What regexp syntax are implementations to use? I think the only sensible answer, for reasons of portability and asymptotic efficiency, is RE2. We should link to the RE2 Syntax page.

Very much agreed here. The PR we file should use RE2 syntax and link to current spec in package documentation.

We should also make clear that byte-oriented features (i.e. just \C) are not supported, since these are infeasible to implement in Java or other languages whose strings are encoded as UTF-16.

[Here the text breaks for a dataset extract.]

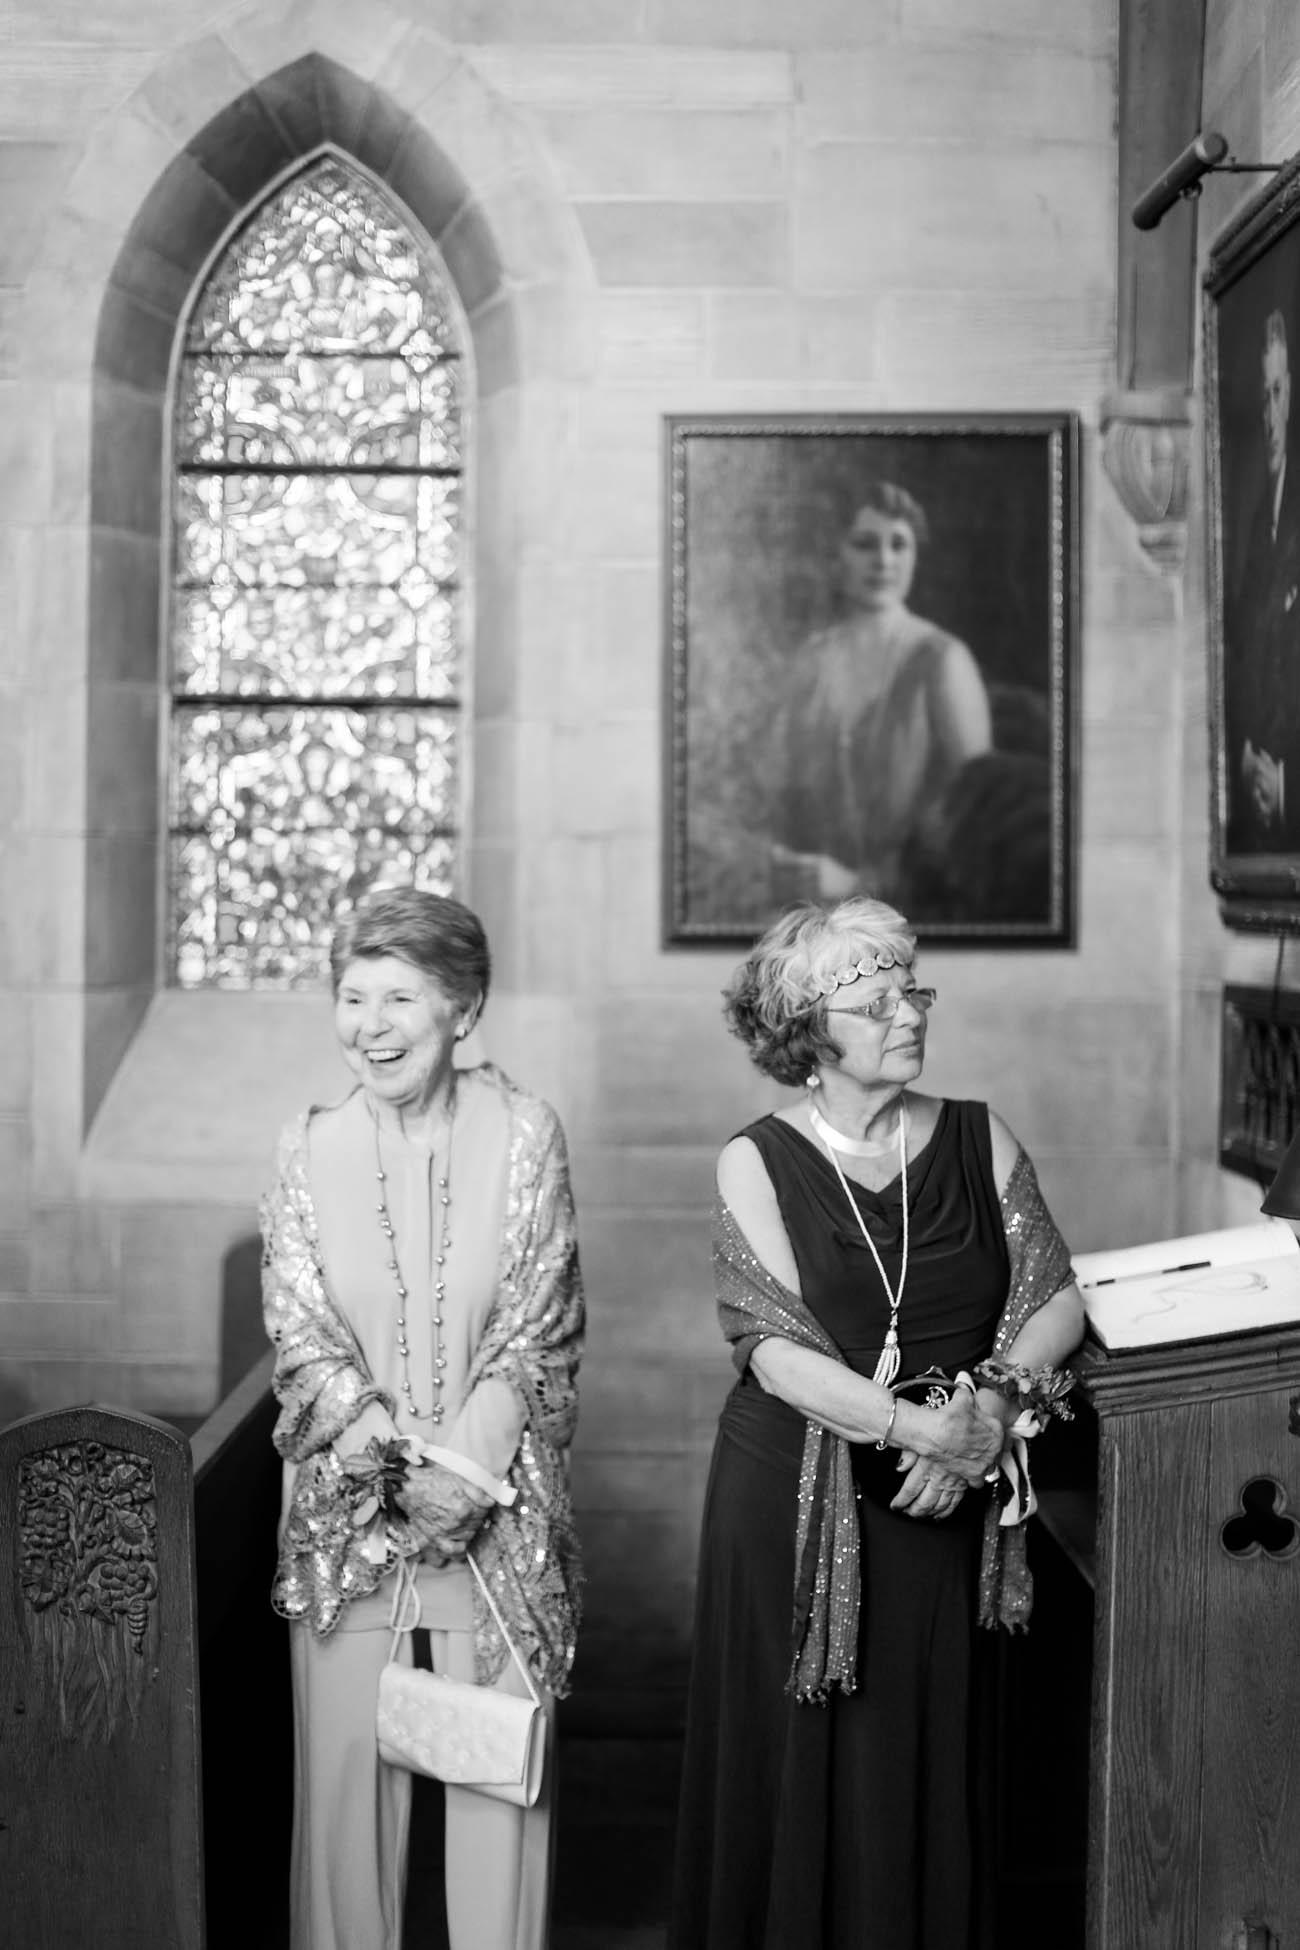 Speakeasy-1920s-theme-Louisville-and-Lexington Wedding-153.jpg

Noted. Bonus points if we can provide a clear error when a user attempts to construct a regex with \C.

Should we offer separate compile/match operations?

I think we should go the interpreted language route, at least at first. It's a non-breaking change to add regex compilation later. Python's re package offers compile.

My question for you @adonovan: can we compile expressions on .Freeze()?

Do we need to offer variants of the match function that return indices, not substrings? What does Python do here?

I need to do a little more digging on this & report back. re.Match objects (the result of calling re.match) can be addressed by index. Your initial package API from above in this thread does not spec any kind of Match return type, which may allow us to sidestep the issue at first?

We should offer a function to quote RE metacharacters so that quote(s) is a regexp matching exactly and only s.

Noted!

Another thing to consider long-term is a cache of compiled regular expressions, my question here is more about where that should be stored, and establishing a policy on how packages should handle something like a cache. I'm assuming this should be stored on the starlark thread. I don't think this is needed for an initial implementation, but would be great to get some initial guidance

essobedo commented 3 years ago

Absolutely I see two ways to get started:

  1. If you'd like to file a PR into github.com/qri-io/starlib I can promise a through review there before we open a PR into this repo.
  2. We can use the same workflow we've been using, I'll open an initial PR that you can take over.

The way #2 would be great if it is possible for you

adonovan commented 3 years ago

can we compile expressions on .Freeze()?

I'm not sure I understand what you're getting at. Patterns are immutable, so their freeze method is a no-op. And compilation can fail, so you need to report the error immediately. Also, you can compile and run a pattern in the same module, before freeze comes into play.

b5 commented 3 years ago

Your confusion answers my question 😄. I was having trouble building a mental model of the point where compilation is happening

b5 commented 3 years ago

Before moving forward, I think we should double check that this is the API we'd like to target for an initial package. This is @adonovan's suggested API, and the one I think we should go with:

load("regexp")
rx = regexp.compile("b(an)*a")
rx.matches(str src)                       # returns bool
rx.find(str src)                          # returns text of match
rx.find_all(str src, int max)             # returns list of matches
rx.replace_all(str src , str or function) # returns replaced text
rx.find_submatches(str)                   # returns list of complete match and each subpattern match

I made a mistake in my earlier comment regarding compile/match. I should have said that I think se can slip the match operations at first, and just use this compile-only API to start with.